To probe the dynamics of propagating DWs, ground state DW configurations were relaxed at a distance of 300 nm from the left-hand side of a nanowire of geometry width = 100 nm, thickness = 20 nm and length 1.5 µm. Static magnetic fields in the range Hx = 2–400 Oe were applied along the length of the nanowire. DW velocities were calculated from the rate of change in the Mx component of magnetisation. In cases where DW propagation was below HWB, the velocity was taken as maximum gradient on a plot of Mx/MS vs t, while in cases where the propagation field was above HWB the velocity was averaged over a full WB cycle.

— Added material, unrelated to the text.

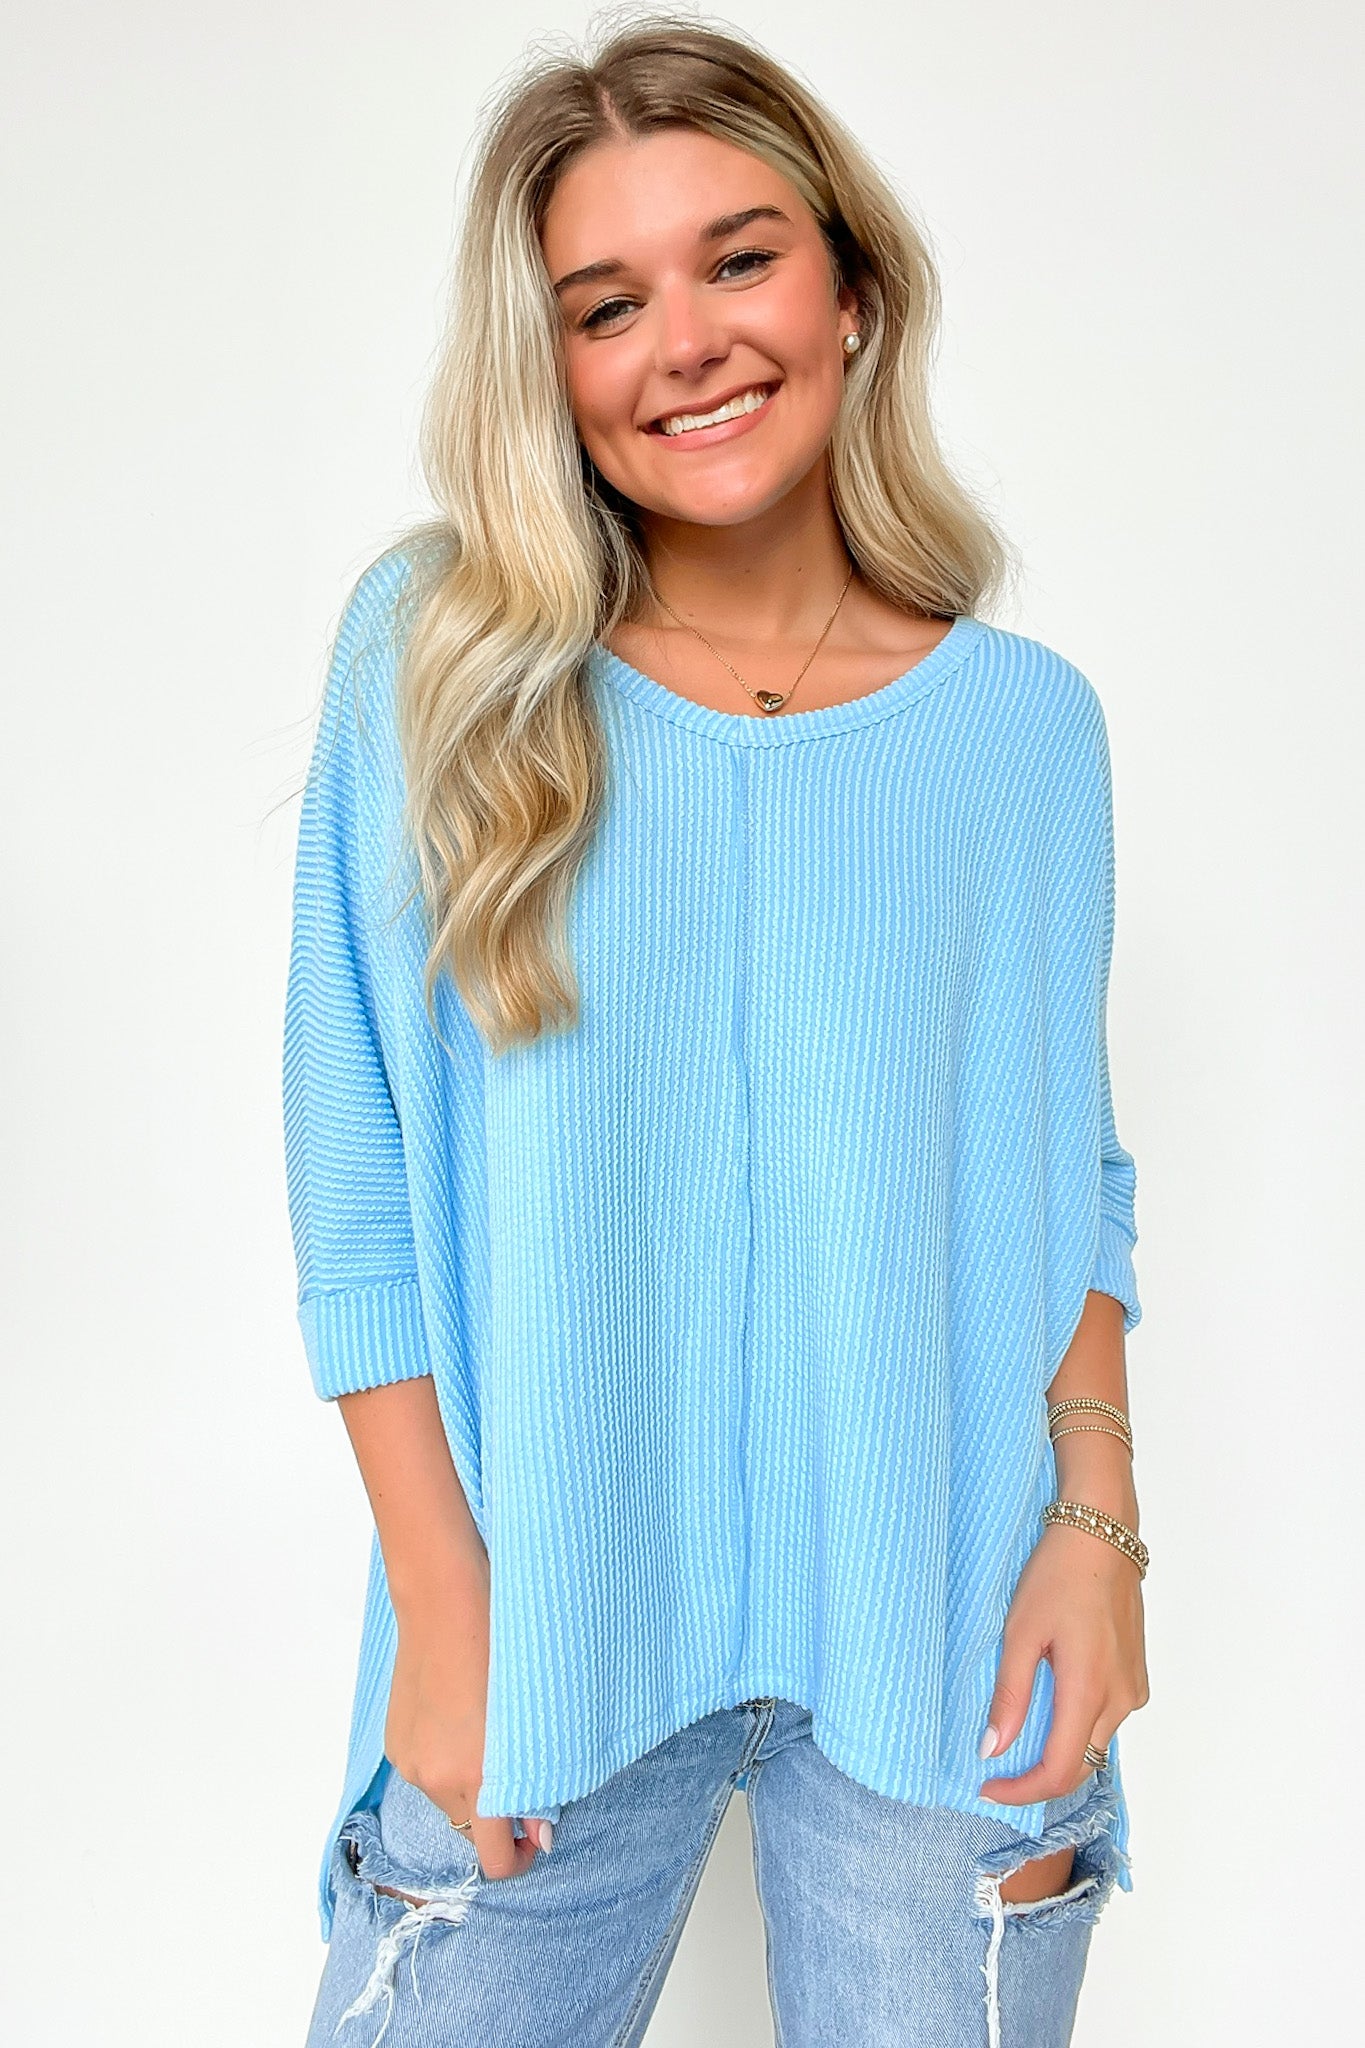 Spring Blue / SM Rhysa Textured Knit V-Neck Top - BACK IN STOCK - Madison and Mallory

Stochastic DW pinning at T = 300 K was simulated using the MUMAX[3] software package[34] using the methods previously demonstrated in[6]. The nanowire geometry investigated was the same as that for the T = 0 K dynamic simulations, but with triangular notches with depths of 18 nm and 36 nm located in the nanowires upper edge at a distance of 1.25 µm from the left-hand end. The nanowire was discretised into a 2.5 nm × 2.5 nm × 2.5 nm mesh. Ground state DWs were located 300 nm from the left-hand side before being propagated with an applied field of Hx = 35 Oe. The magnetostatic fields produced by the nanowire’s ends were subtracted using the inbuilt functionality of the MUMAX[3] software.

It should be noted that micromagnetic simulations using Brown’s approach to finite temperatures applies a high frequency cut-off to the spin-wave spectrum due to the discretization imposed by the mesh size[35,36]. This can have a strong effect on the simulation of critical temperatures such as the Curie point, but we believe it is less likely to influence room temperature micromagnetic simulations such as those presented here. A more thorough discussion of these limitations can be found in ref.[10].